In addition, consistent with prior clinical studies (Bylicki et al. 2017; Gainor et al. 2016; Lee et al. 2017; Mazieres et al. 2019), patients with EGFR and ALK NSCLC in our analysis overall seemed to benefit little from single-agent immunotherapy and demonstrated relatively short PFS times. The lack of responses with checkpoint inhibitors seen in EGFR/ALK positive cases is thought to be due to such tumors possessing uninflamed tumor microenvironments characterized by low tumor-infiltrating lymphocyte (TIL) concentrations (Gainor et al. 2016), low tumor mutational burdens (Dong et al. 2017a, b), or perhaps TILs that are “inactive” (Toki et al. 2018). However, it is noteworthy that a small subset of patients with EGFR (8%) and ALK (11%) tumors were progression-free at 12 months in our study. The IMMUNOTARGET analyses similarly found a small subgroup of patients with EGFR and ALK positive disease (6.4% and 5.9%, respectively) in their cohort to be progression-free at one year with single-agent immunotherapy (Mazieres et al. 2019). Admittedly, these percentages are small, but given the limited therapeutic options available after targeted treatments in such driver-mutated tumors, further clinical and molecular characterization of these small EGFR and ALK subsets that may derive sustained benefit from checkpoint inhibitors is still of great interest. For example, some retrospective studies suggest that particular mutation subtypes of EGFR may be associated with immunotherapy response and have noted better outcomes in L858R tumors (Hastings et al. 2019), or tumors possessing exon 20 insertions and other uncommon EGFR mutations (Hastings et al. 2019; Lau et al. 2021; Yamada et al. 2019). Continued research on the influence of genetic variants in EGFR and ALK or the impact of co-occurring mutations on the responsiveness of such tumors to checkpoint inhibitors is of interest.

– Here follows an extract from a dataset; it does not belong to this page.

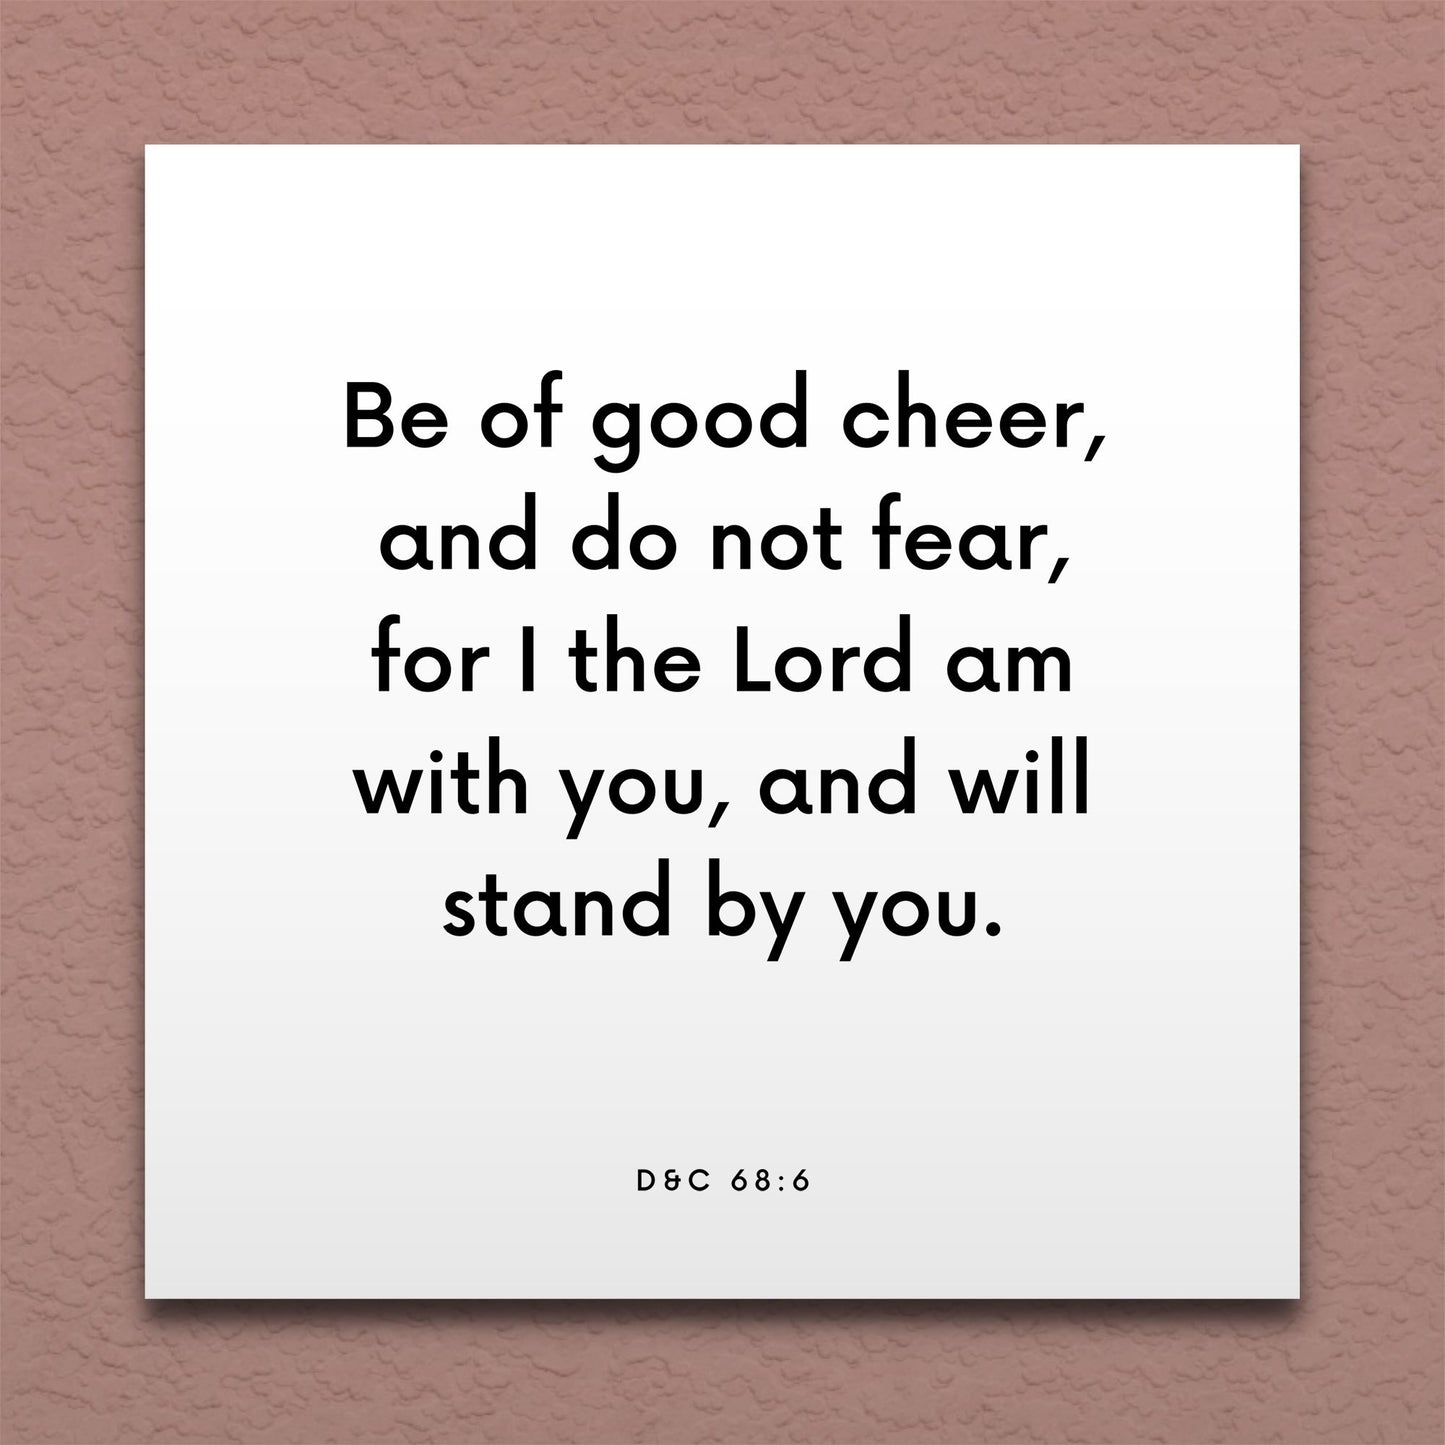 Wall-mounted scripture tile for D&C 68:6 - "Be of good cheer, and do not fear"
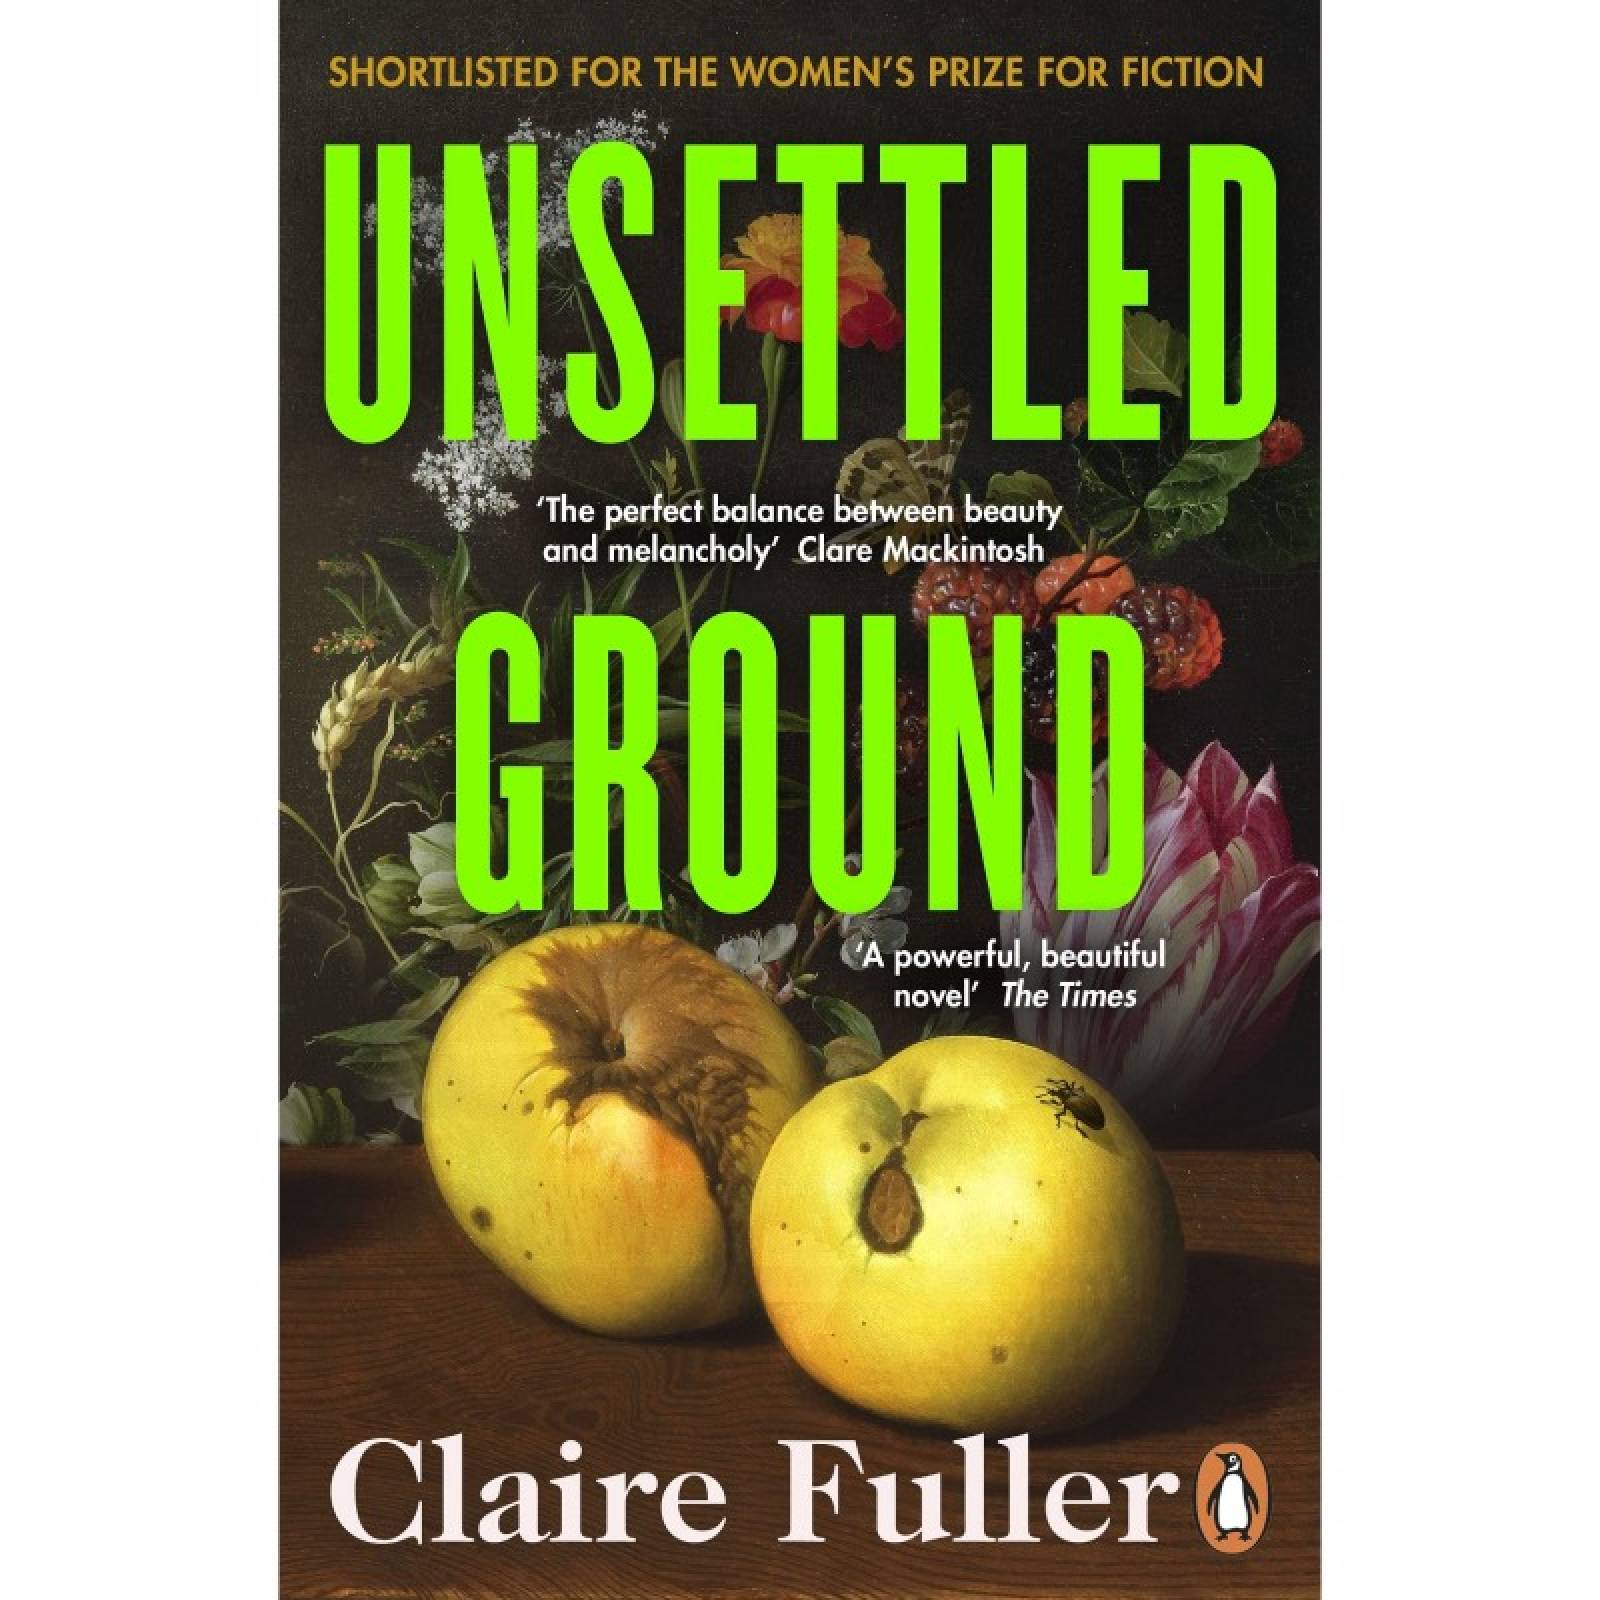 book reviews of unsettled ground by claire fuller

PD-L1 expression on tumor cells is the current standard to identify advanced NSCLC tumors more likely to respond to immunotherapy. However, in our analysis, PD-L1 positivity was significantly correlated to rwPFS only in KRAS tumors, with patients possessing KRAS tumors with PD-L1 ≥ 50% appearing to derive the greatest benefit. Tumor PD-L1 positivity otherwise was not correlated to rwPFS in EGFR, ALK, and BRAF tumors in our study.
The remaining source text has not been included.